November natural gas is set to open unchanged Monday morning at $2.45 as traders question the amount of remaining market downside and focus on distant buying opportunities. Overnight oil markets rose.

Risk managers are looking for a lower spot to enter the long side of the market. “The gas market has been under pressure this entire summer because of moderate temperatures, plentiful supply and plummeting commodities in general,” said Mike DeVooght, president of DEVO Capital, a Colorado-based trading and risk management firm. “As we look forward to the heat season, which can often be supportive to the gas market, demand expectations have been ratcheted lower because of the El Nino.

“On a trade basis, we have been looking for an opportunity to get long the natural gas market but have not felt like we have yet reached the bottom of this move. We would start to be a light buyer if January reaches the $2.50 level.” DeVooght recommends buying January futures for both end-users and trading accounts should the contract trade that low. January futures settled at $2.798 Friday.

All indications are that the El Nino will be one of the strongest on record. “The atmospheric response to the equatorial sea-surface temperature anomalies, measured by their atmospheric ENSO index (AEI), is the strongest event since at least 1948,” said Todd Crawford, a meteorologist at WSI Corp.

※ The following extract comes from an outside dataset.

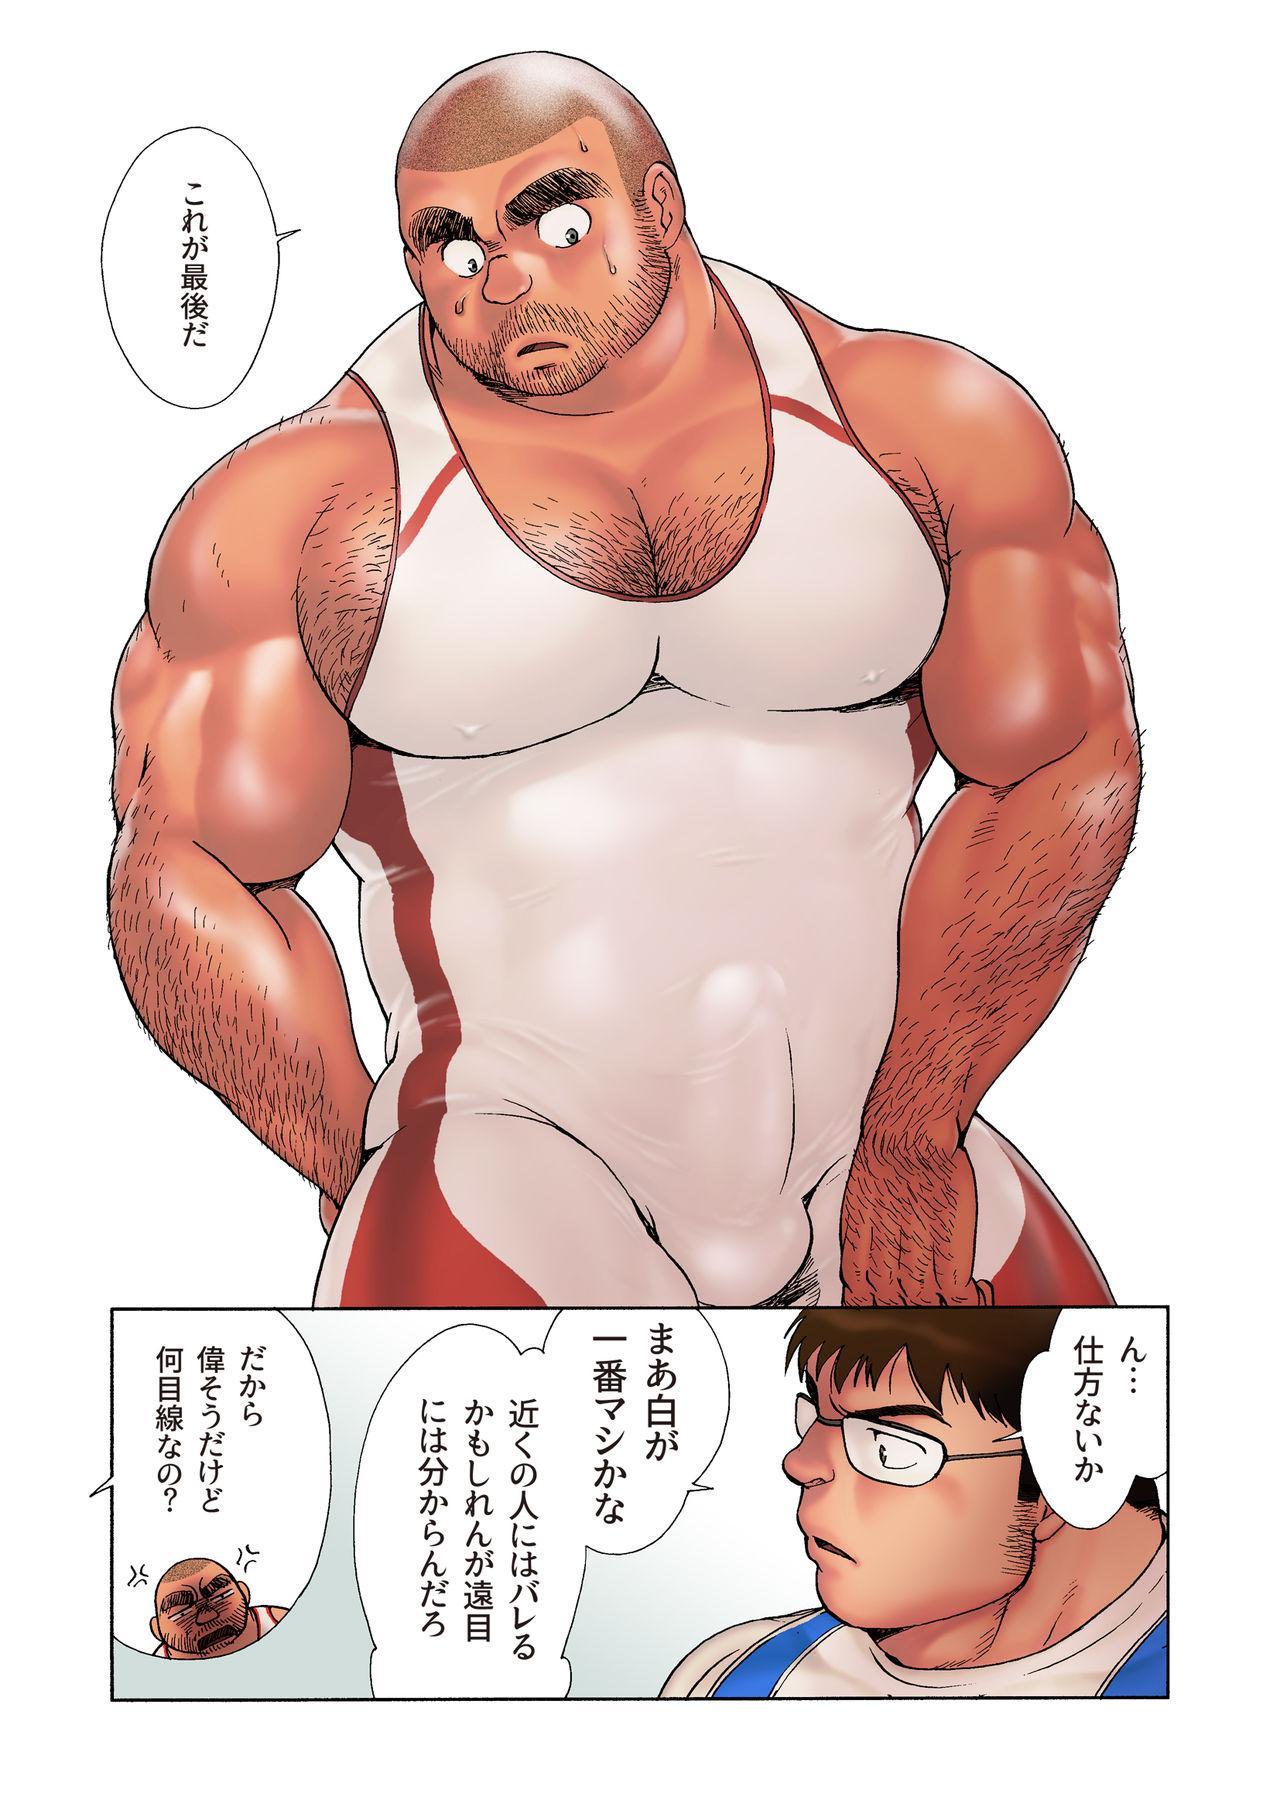 Danshi Koukousei Weightlifter Shiai-chuu, Osae kirenai Wakai Takeri 53

Typical impacts of an El Nino are the southern United States from California to the Carolinas then up through parts of the East Coast become wetter, but parts of the Ohio Valley, Great Lakes, Northwest and Northern Rockies are drier.

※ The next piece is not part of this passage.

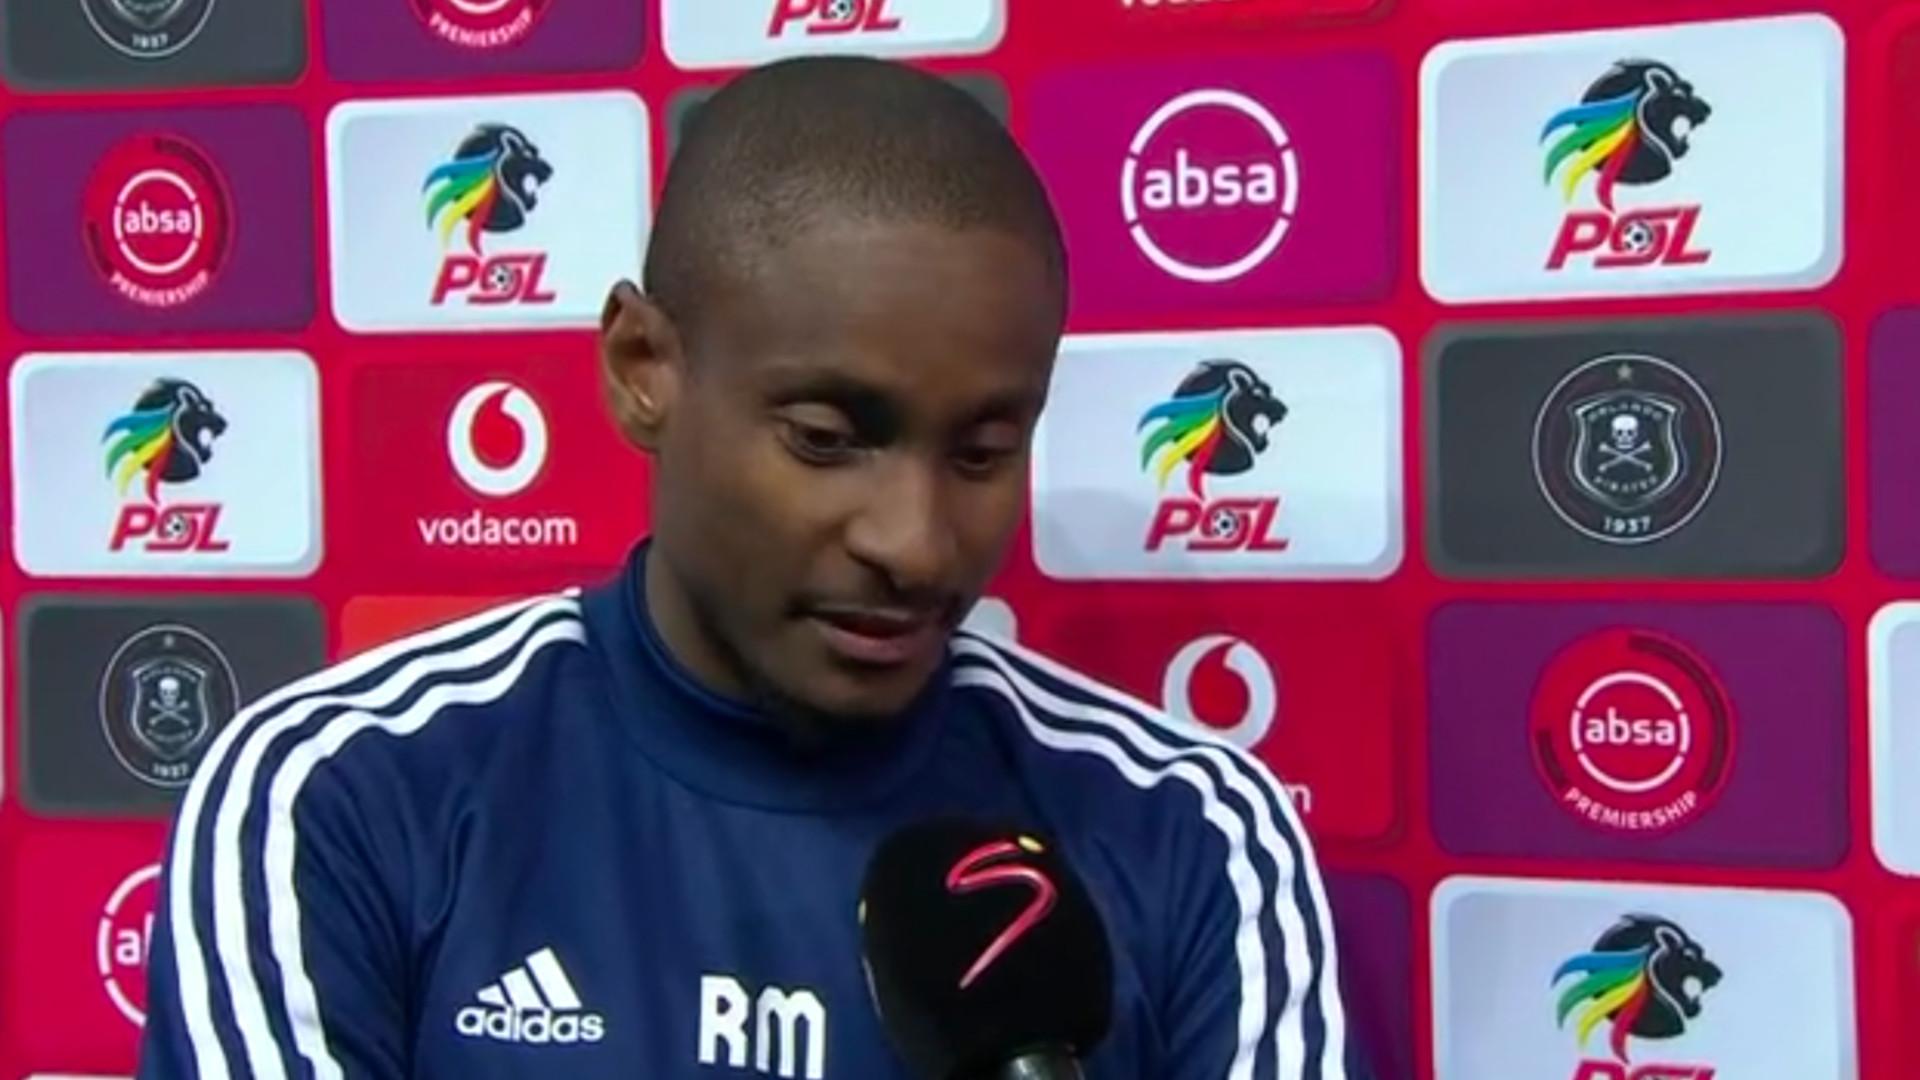 Absa Premiership 2019/20 | Pirates v Arrows | Rhulani Mokwena | Interview

The desert Southwest, Southern Plains, northern Gulf Coast are cooler, but the northern tier of states from the Pacific Northwest to the Northern Plains, Great Lakes and Northeast are warmer. “These are impacts that are typically expected, but they aren’t always the rule,” The Weather Channel said.

Tom Saal, vice president at FC Stone Latin America LLC, put it succinctly: “El Nino means low gas prices.”

One analyst doesn’t see too much downside remaining in the near term, but the spring contracts could be highly vulnerable to high ending inventories.

“While the most extreme cold scenario would have the market exiting March at over 1 Tcf, assuming a production average of around 72.5 Bcf/d through the five months, a warm scenario has the potential to drive that level well above record highs. Thus we see the March through May contracts as highly vulnerable to downside pressure under anything less than a normal to cold weather scenario,” said Breanne Dougherty, an analyst with Societe Generale in New York, in a report.

“We don’t see much material downside left here given how the market has bounced off the $2.55/MMBtu level all summer and the lack of risk of storage containment type price pressure.

We see the curve as predisposed to upside from here through mid -December…beyond that, though, we are bearish through June 2016.”

In overnight Globex trading November crude oil gained 56 cents to $46.10/bbl and November RBOB gasoline rose 2 cents to $1.3649/gal.